Помню вечер, когда она мне все это рассказала. Дети спали, и мы с Бертой сидели в гостиной. О, она была счастлива! В этом не было ни малейшего сомнения. «Я стою перед ними голая, представляешь? — рассказывала она. — И ни чуточки не стесняюсь! Единственное, что меня беспокоило, это не запачкала ли я ноги, пока шла босиком по полу. Комната такая, знаешь, старомодная, на стенах афиши под стеклом и огромная фотография Этель Бэрримор[11]. Ну вот, сижу я голая перед незнакомыми мужчинами и впервые в жизни чувствую, что нашла себя! Да, я обрела себя в наготе. Я почувствовала себя обновленной, совсем-совсем другой, в тысячу раз совершеннее! Быть голой перед чужими и не испытывать стыда — да это, пожалуй, самое острое ощущение, какое когда-либо выпадало мне на долю!..»

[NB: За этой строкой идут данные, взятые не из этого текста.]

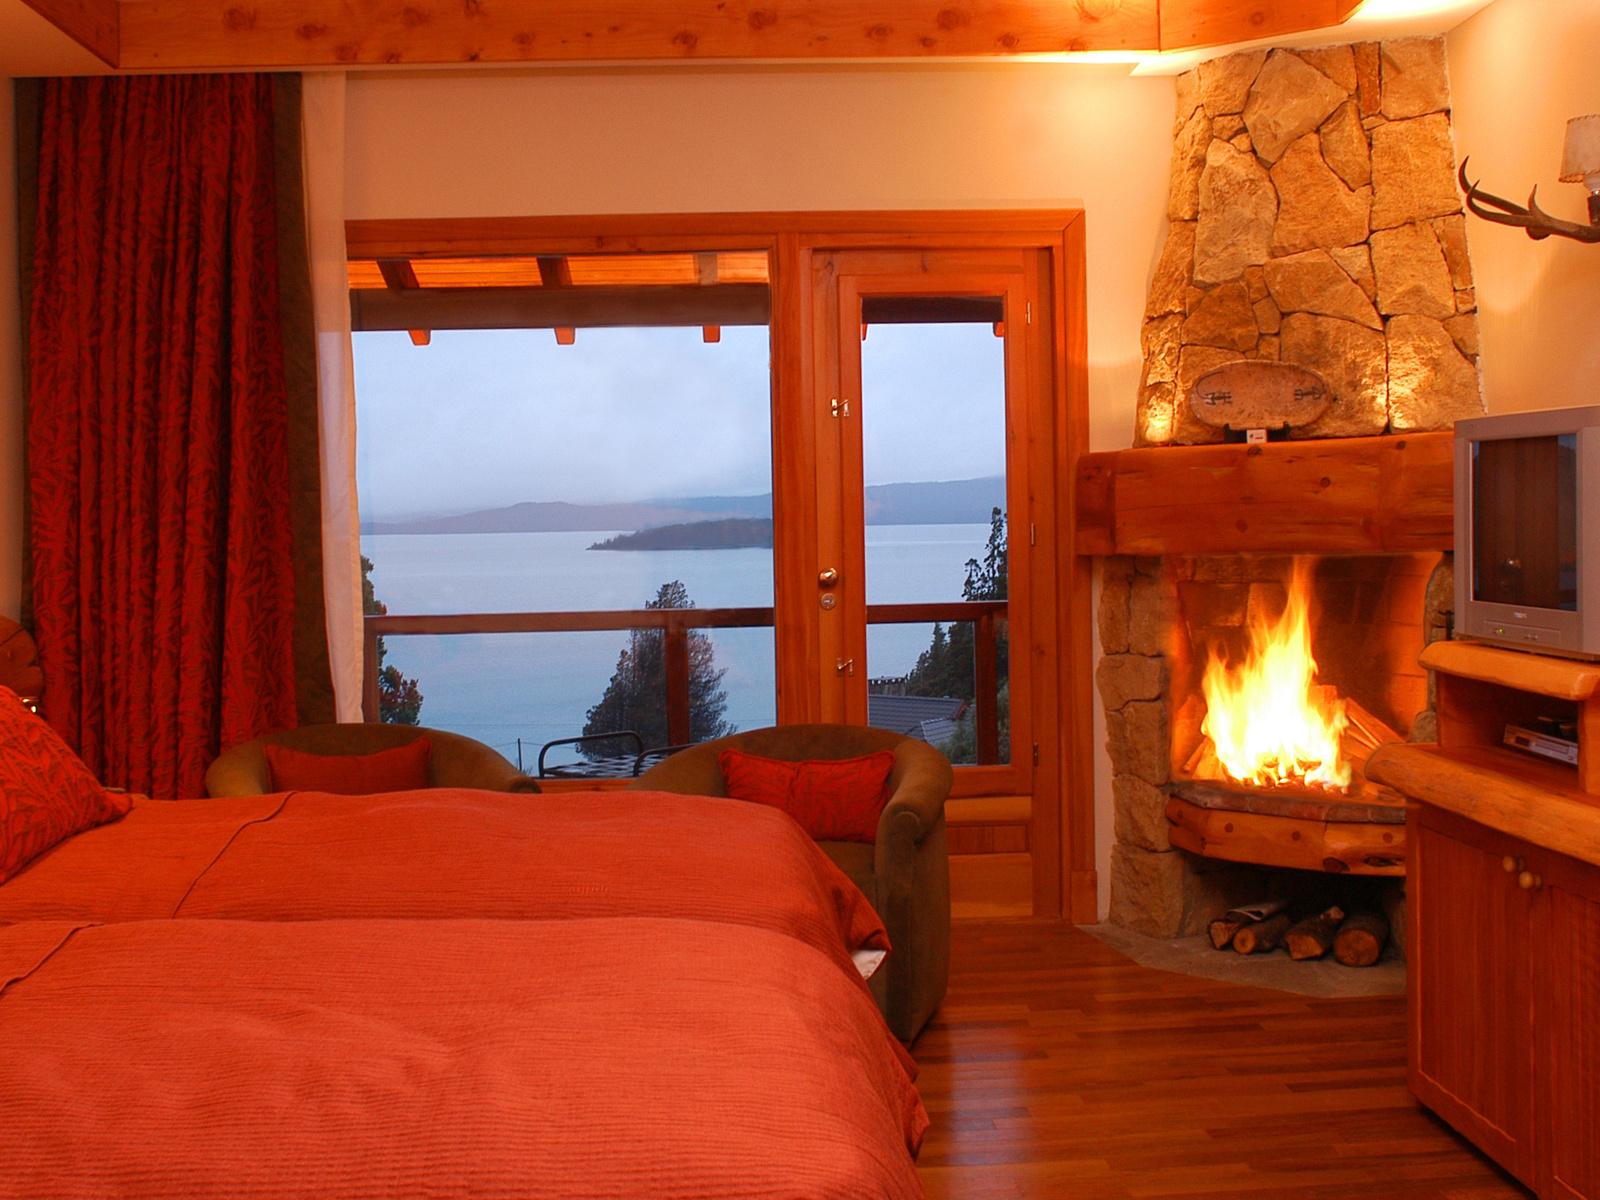 дом, Интерьер, стиль, коттедж, фазенда, комната, дизайн

Я не знал, что делать. Да и сейчас, в это воскресное утро, я так и не знаю, как мне следовало поступить. Наверное, надо было дать ей хорошую затрещину. Я сказал ей, что так нельзя. Она ответила, что я не вправе ей запретить. Я заикнулся о детях, но они, возразила Берта, будут только в выигрыше, поскольку, обогатившись таким опытом, она будет лучше справляться и со своими материнскими обязанностями. «Как только я разделась, — сказала она, — вместе с тряпками с меня словно спало все то низменное, мелочное, что сковывало мою душу». Тогда я сказал, что все равно ее не зачислят в труппу из-за рубца от аппендицита. Тут зазвонил телефон. Это звонил продюсер сообщить, что она принята. «Ах, я так счастлива! — щебетала она. — Как удивительна, как богата, как чудесна жизнь, стоит лишь отказаться от роли, которую тебе навязывали родители, дядюшки да тетушки! Я чувствую себя первопроходцем!»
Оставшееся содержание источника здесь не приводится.